We assume indirectly $f\in\Theta(g)$. Since we already know that $f\in\mathcal{O}(g)$ we have to show $f\in\Omega(g)$. This means per definition \begin{align*} f\in \Omega(g)&\iff\exists n_0\in\mathbb{N}\,\exists\beta>0\,\forall n\geq n_0: 0\leq \beta g(n)\leq f(n)\tag{2} \end{align*} on the other hand since $f\in o(g)$ we know that \begin{align*} f\in o(g)&\iff \forall \alpha>0\, \exists\tilde{n}_0\in\mathbb{N}\,0\leq f(n)\leq \alpha g(n)\tag{3} \end{align*} Since we know from (2) there is a $\beta>0$ fulfilling (2) we can take in (3) $\alpha=\frac{\beta}{2}$ which implies \begin{align*} 0\leq f(n)\leq \frac{\beta}{2} g(n)\leq\frac{1}{2} f(n)\qquad\forall n\geq \max\{n_0,\tilde{n}_0\} \end{align*} This implies $f\equiv 0\equiv g$ for all $n\geq \max\{n_0,\tilde{n}_0\}$ showing the contradiction since per definition $g(n)\not =0$ for infinitely many $n$, which proofs the claim.

Third part: $f \in o(g) \implies g \notin o(f)$

The proof is correct.
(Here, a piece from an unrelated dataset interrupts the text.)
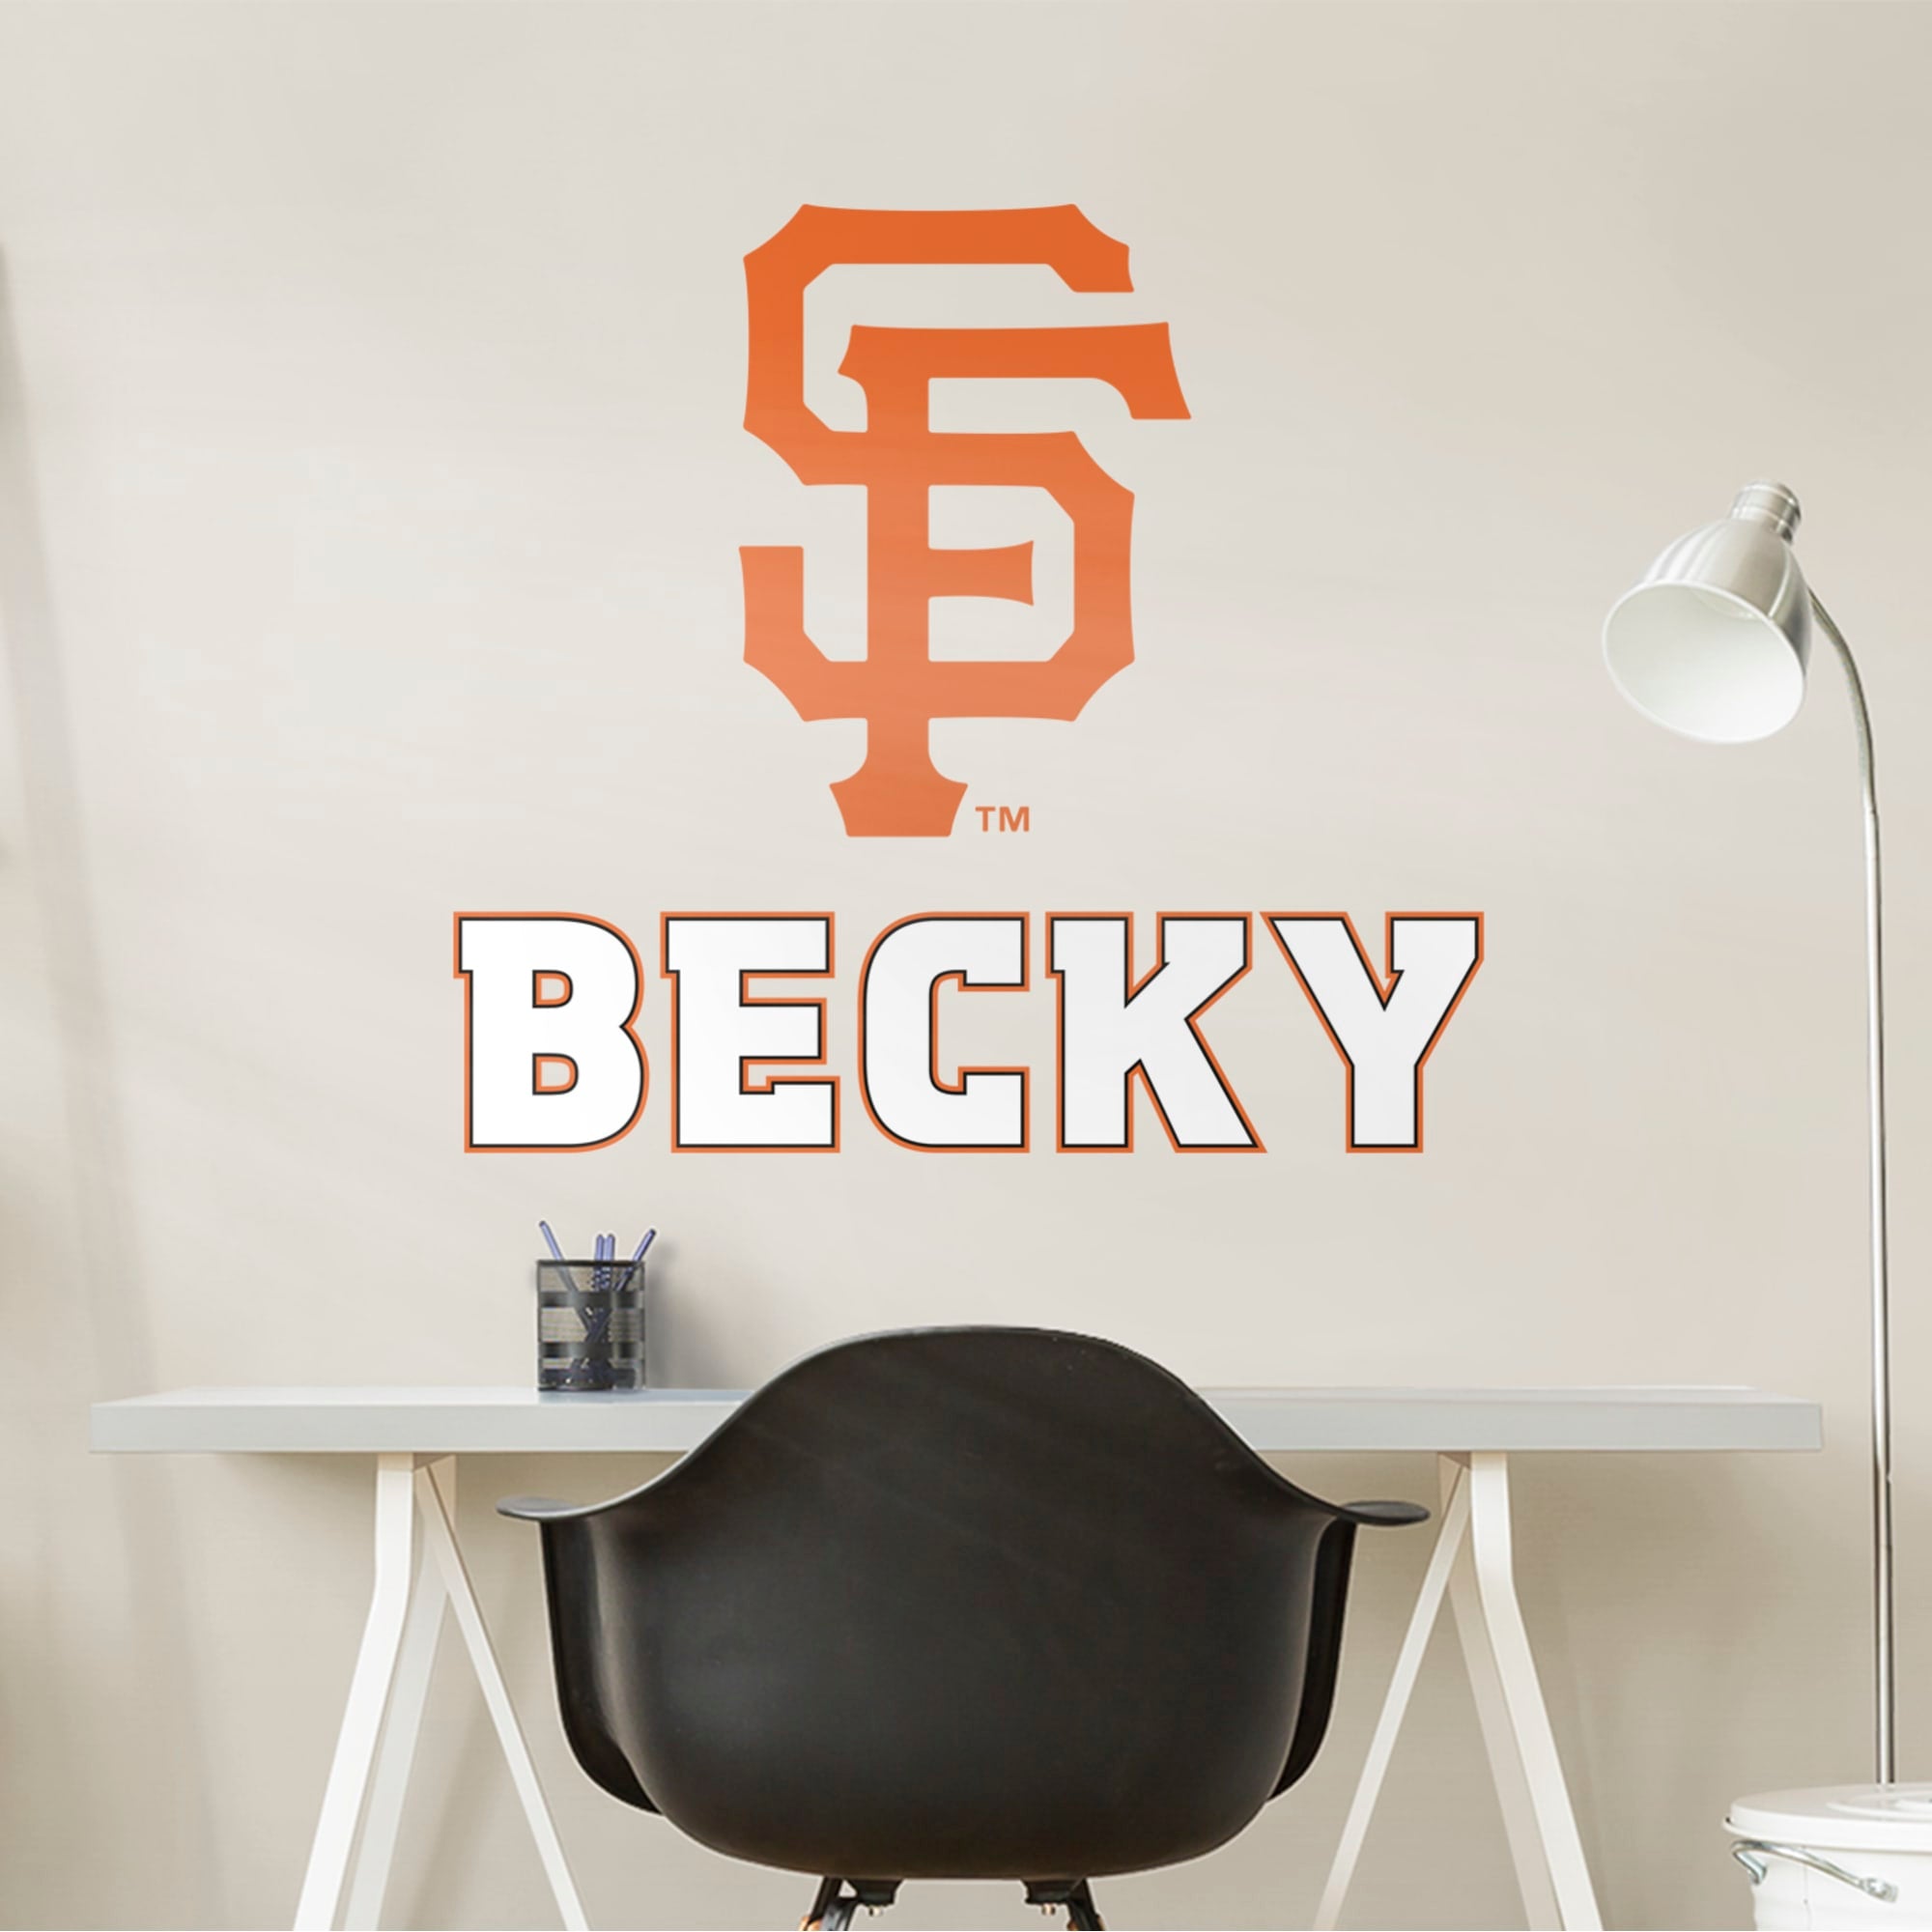 San Francisco Giants: "SF" Stacked Personalized Name - Officially Licensed MLB Transfer Decal in White (52"W x 39.5"H) by Fathea

From my point of view explicit settings of variables for $\alpha ,\tilde{\alpha}$ enhances readability. The last paragraph could be formulated

We choose $\alpha = 1, \tilde{\alpha} = 0.5$ to obtain $$ 0 \leq f(n) \leq g(n) \leq 0.5 f(n) $$ arriving at a contradiction for $n$ with $f(n)\neq 0$. This is the case for infinitely $n\in\mathbb{N}$ according to the definition of $g$.